#### INPUT

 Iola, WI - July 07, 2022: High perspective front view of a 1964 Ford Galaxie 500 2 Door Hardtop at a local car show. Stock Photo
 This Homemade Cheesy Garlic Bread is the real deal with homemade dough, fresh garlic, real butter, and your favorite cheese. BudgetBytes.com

########
#### INPUT

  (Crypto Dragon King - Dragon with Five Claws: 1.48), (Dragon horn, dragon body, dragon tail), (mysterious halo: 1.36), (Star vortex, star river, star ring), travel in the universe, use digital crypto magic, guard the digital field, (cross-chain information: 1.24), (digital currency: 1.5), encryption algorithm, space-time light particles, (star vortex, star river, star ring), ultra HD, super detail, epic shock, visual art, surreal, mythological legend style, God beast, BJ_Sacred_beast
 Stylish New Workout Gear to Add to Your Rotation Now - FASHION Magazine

########

* _ASSIGNMENT_
What do the lines above say from the one containing "Iola, WI - July" down to the one containing "This Homemade Cheesy"? Return them exactly, both end lines included, and only them.

* _TASK OUTPUT_
 Iola, WI - July 07, 2022: High perspective front view of a 1964 Ford Galaxie 500 2 Door Hardtop at a local car show. Stock Photo
 This Homemade Cheesy Garlic Bread is the real deal with homemade dough, fresh garlic, real butter, and your favorite cheese. BudgetBytes.com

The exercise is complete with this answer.